**Directions**
A word-for-word copy of the data is what's wanted; pictures stay out of it.

**Material provided**

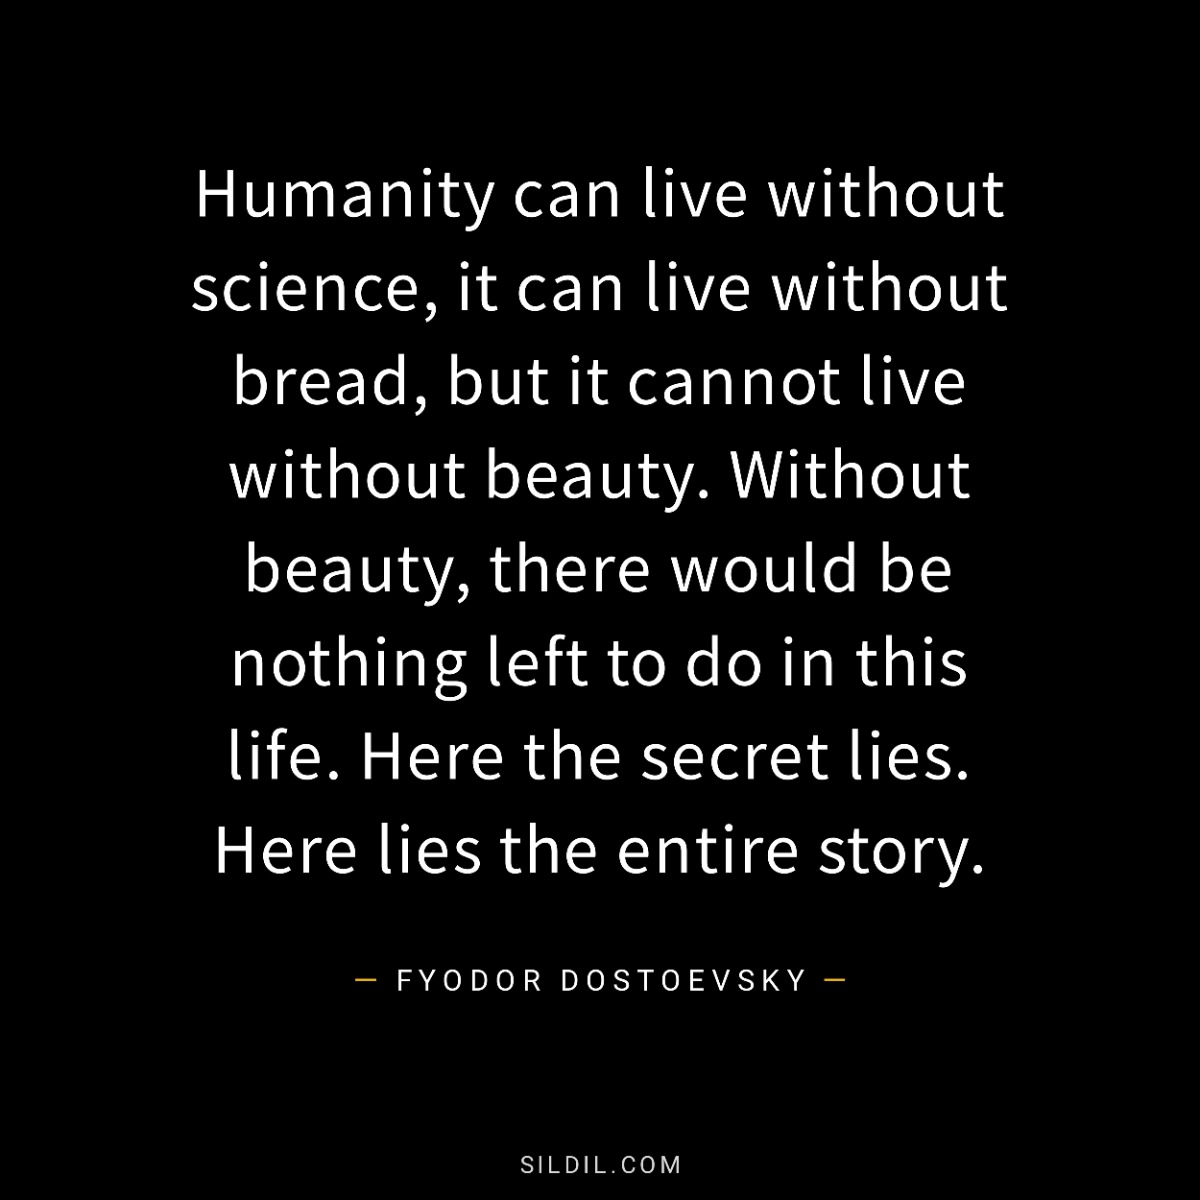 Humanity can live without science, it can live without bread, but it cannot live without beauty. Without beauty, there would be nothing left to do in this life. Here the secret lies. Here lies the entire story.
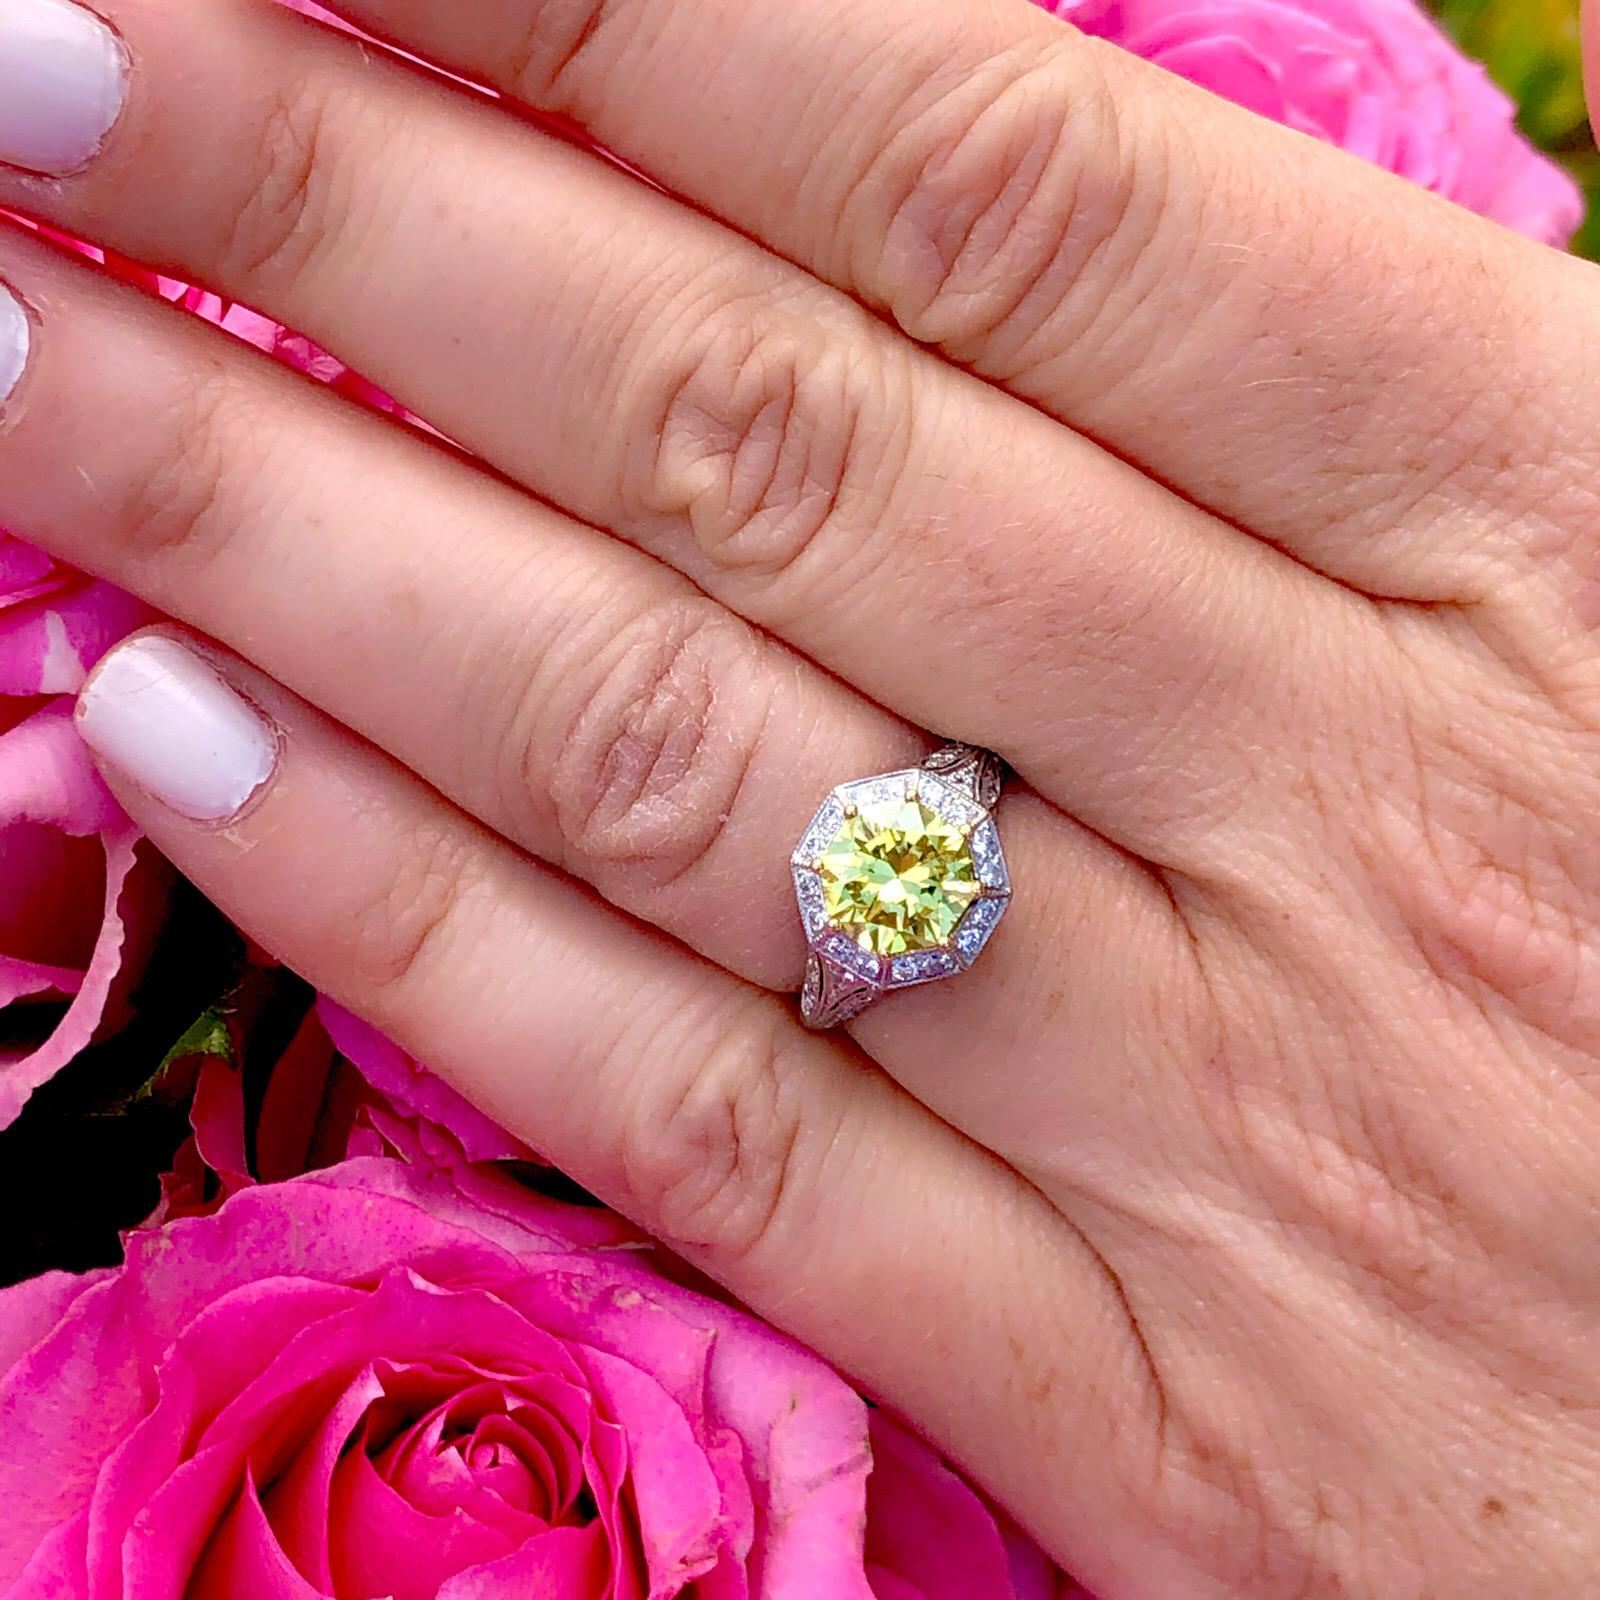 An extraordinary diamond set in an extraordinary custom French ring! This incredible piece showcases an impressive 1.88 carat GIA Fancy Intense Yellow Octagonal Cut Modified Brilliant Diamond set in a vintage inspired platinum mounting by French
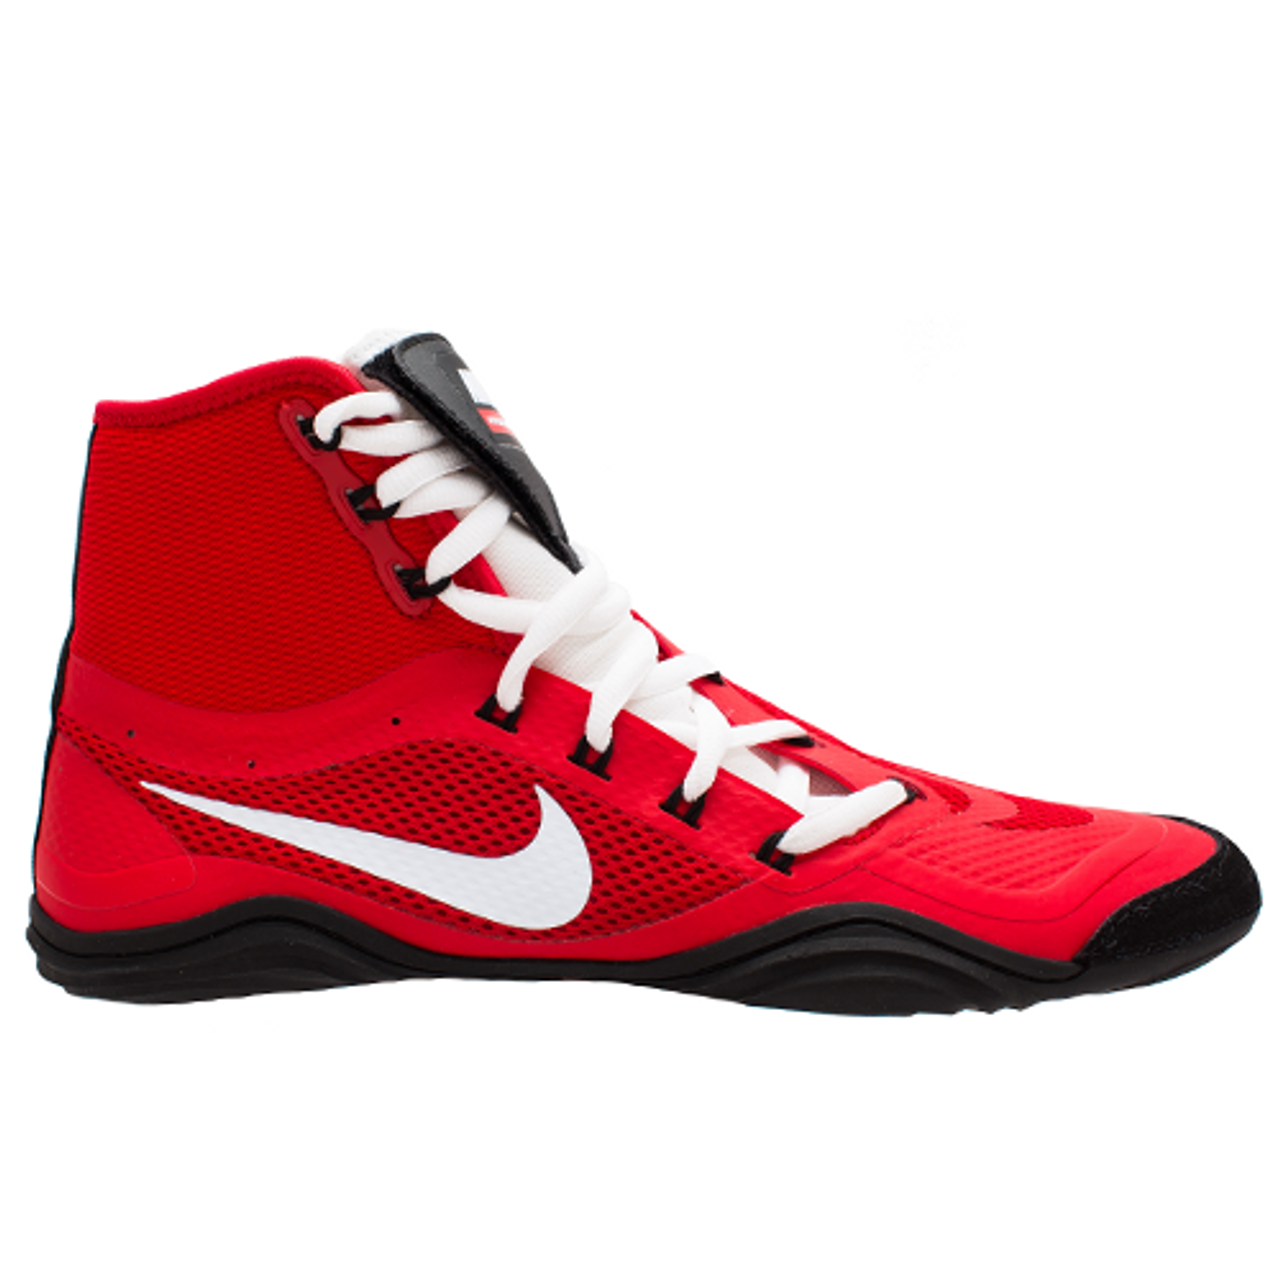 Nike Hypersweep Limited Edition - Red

**Response to this task**
 Humanity can live without science, it can live without bread, but it cannot live without beauty. Without beauty, there would be nothing left to do in this life. Here the secret lies. Here lies the entire story.
 An extraordinary diamond set in an extraordinary custom French ring! This incredible piece showcases an impressive 1.88 carat GIA Fancy Intense Yellow Octagonal Cut Modified Brilliant Diamond set in a vintage inspired platinum mounting by French
 Nike Hypersweep Limited Edition - Red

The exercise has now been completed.